— DIRECTIONS —
Nothing but the pictures may be dropped; the rest of the listing is to be written out exactly.

— INPUT DATA —
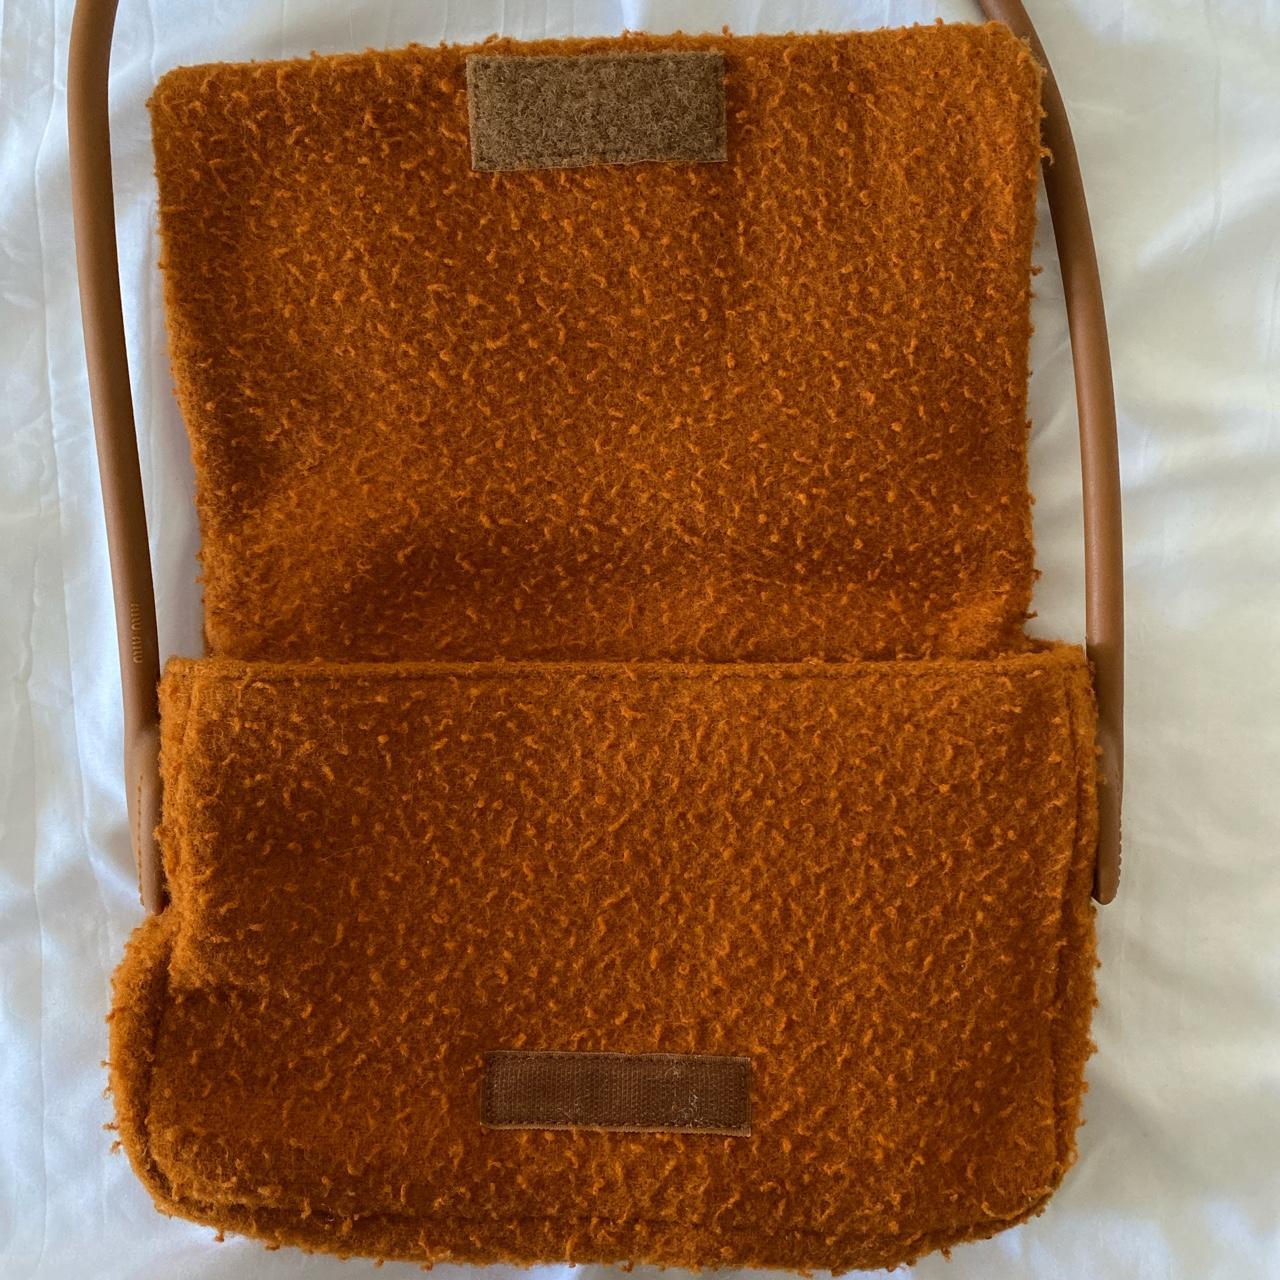 Rare Miu Miu 1999 Shoulder Bag Very good condition - Depop
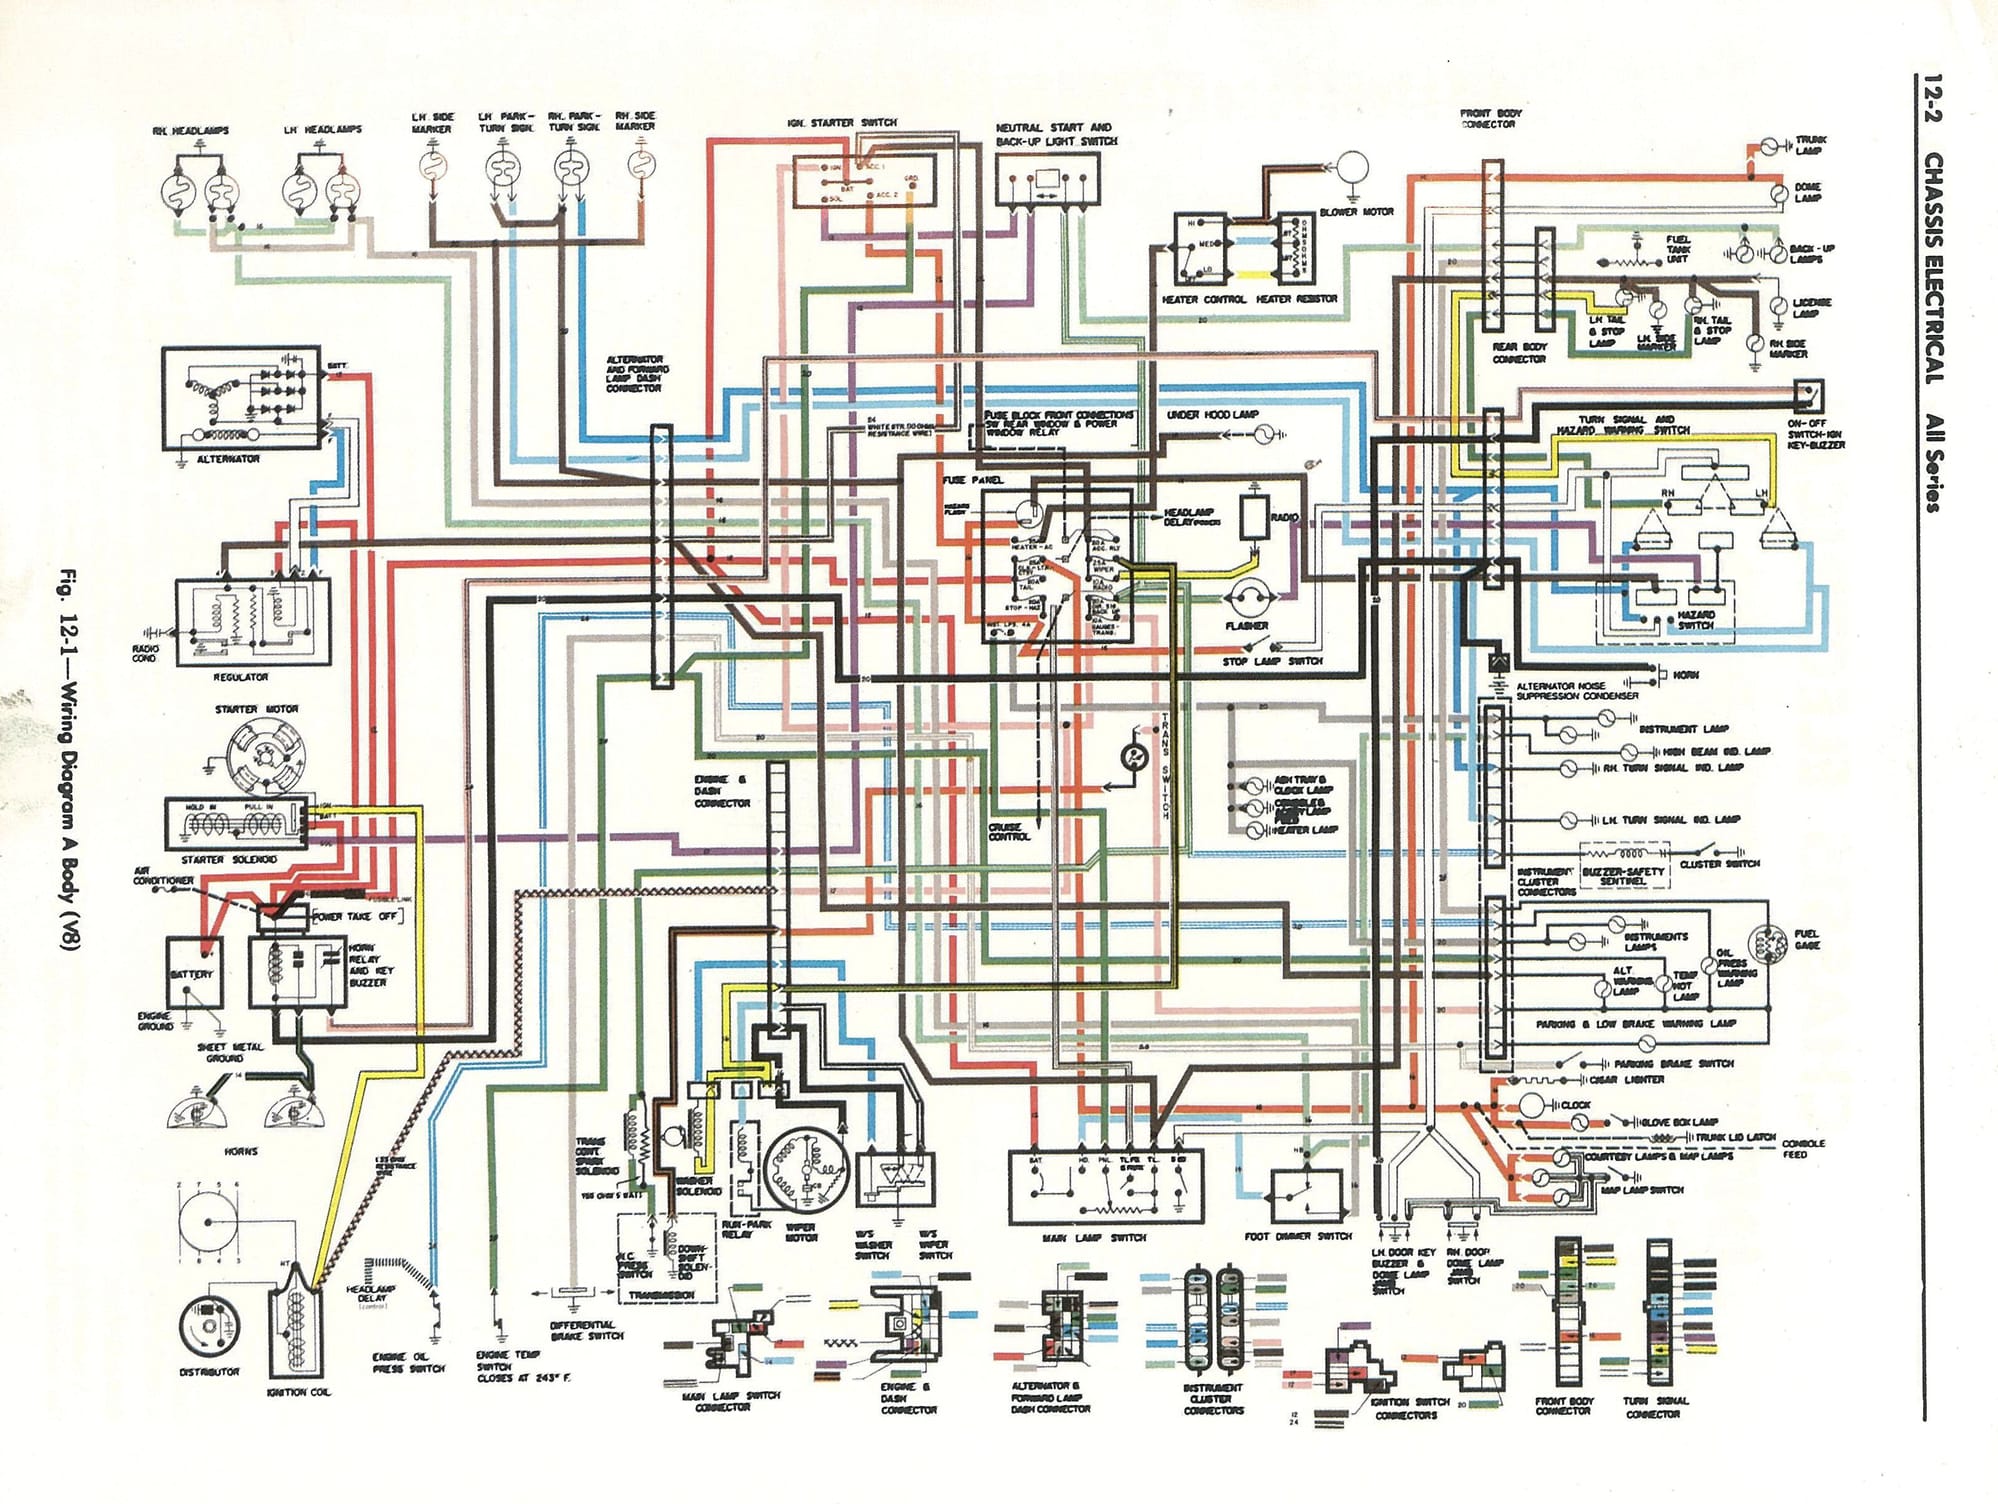 1968 pontiac catalina wiring diagram
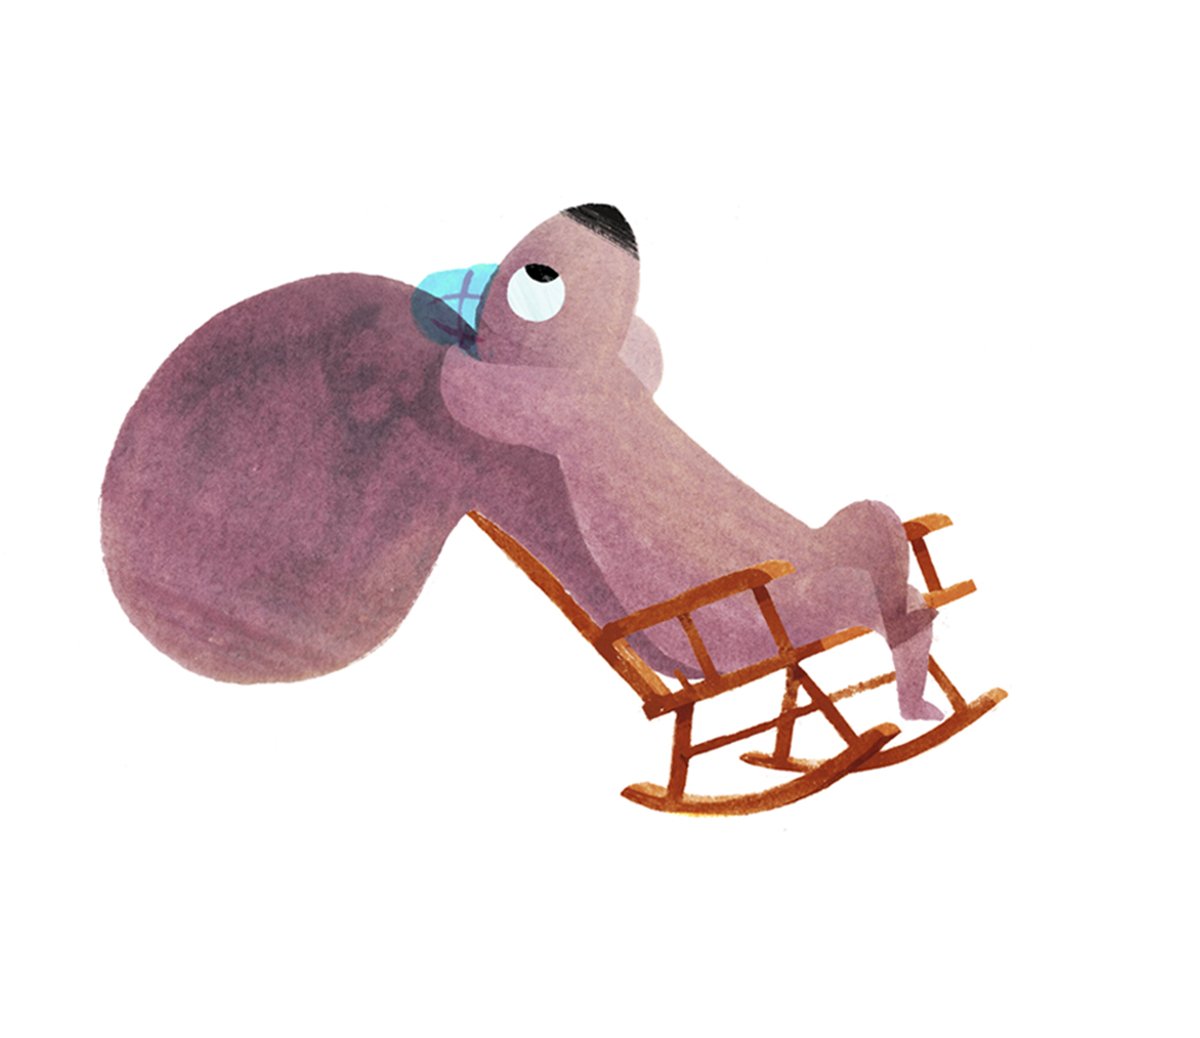 steve-small-squirrel-in-chair-illustration.jpg
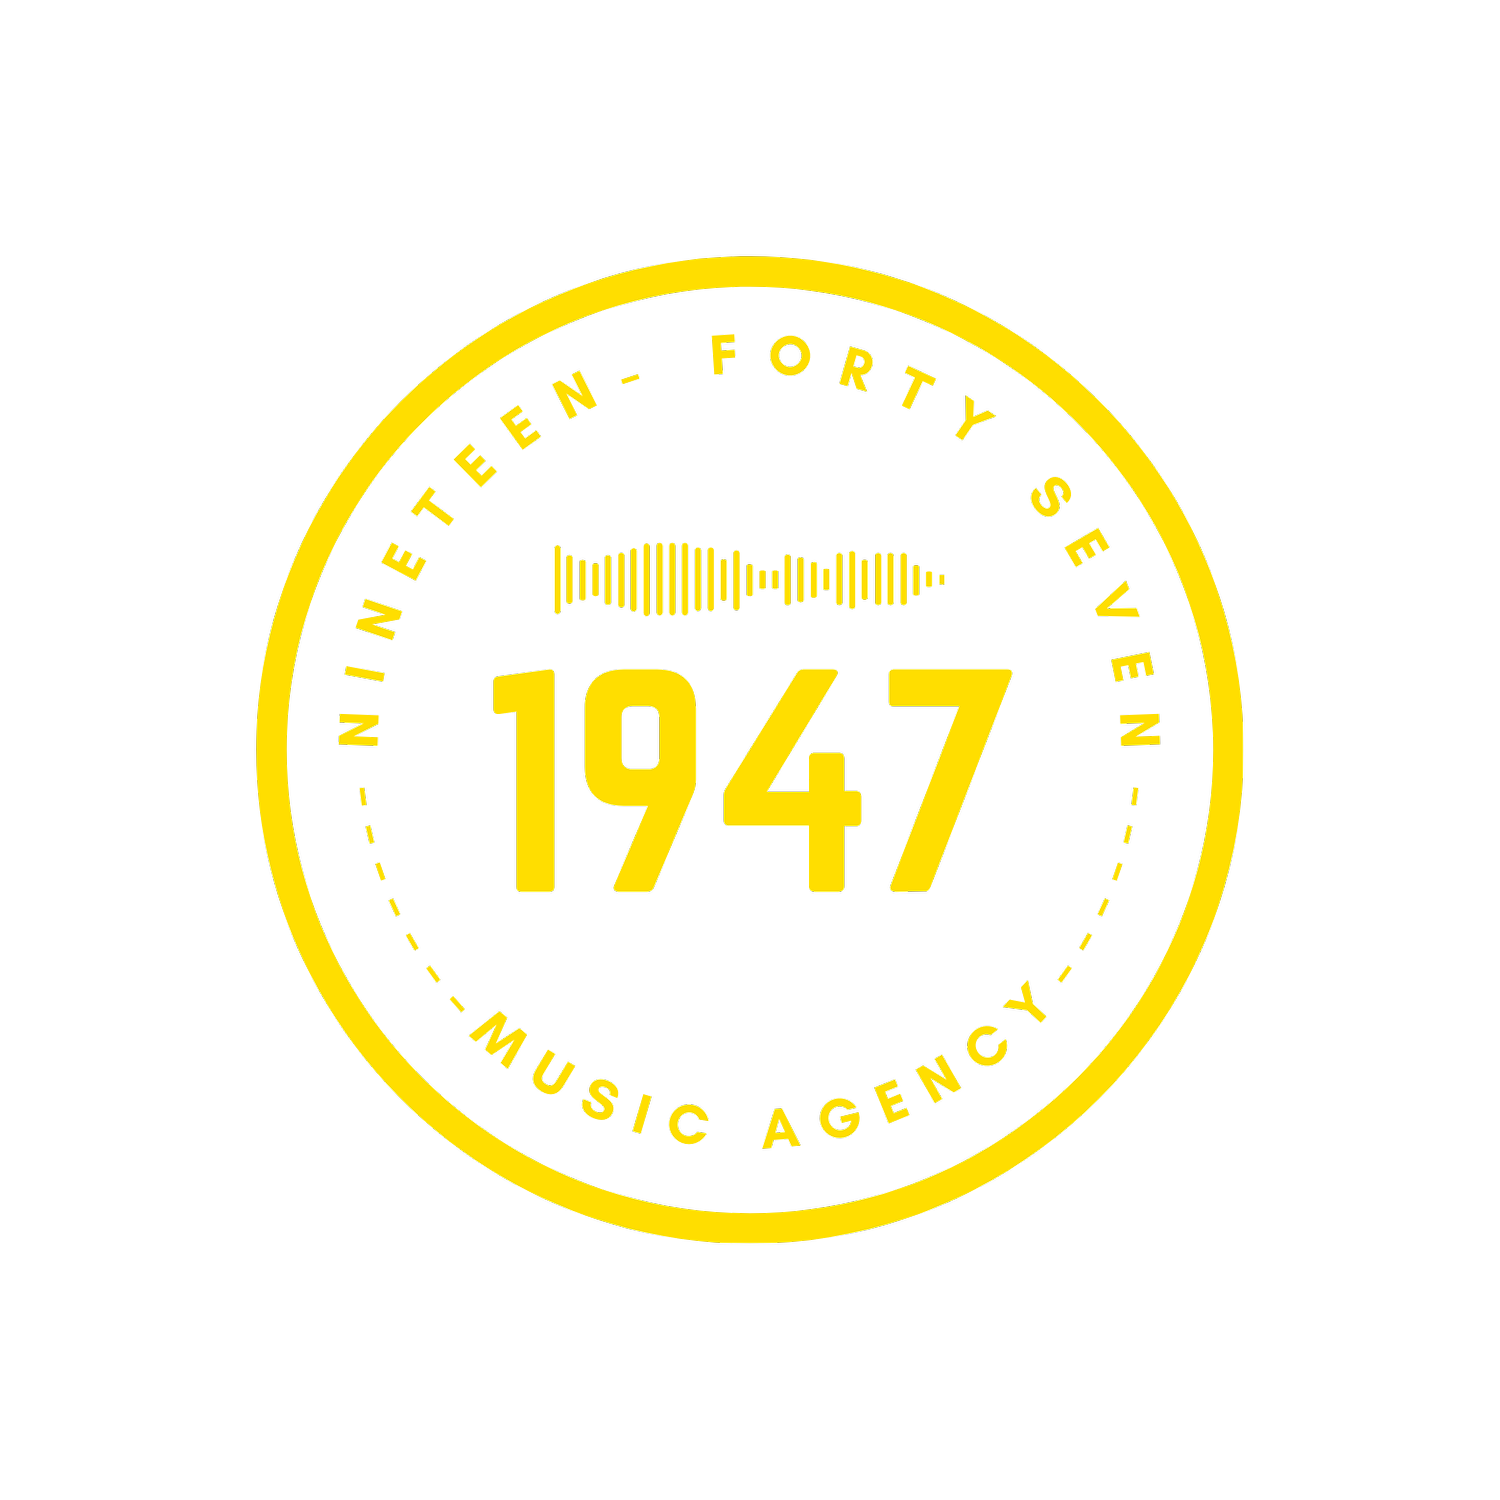 1947 Music Agency

— EXERCISE RESULT —
 Rare Miu Miu 1999 Shoulder Bag Very good condition - Depop
 1968 pontiac catalina wiring diagram
 steve-small-squirrel-in-chair-illustration.jpg
 1947 Music Agency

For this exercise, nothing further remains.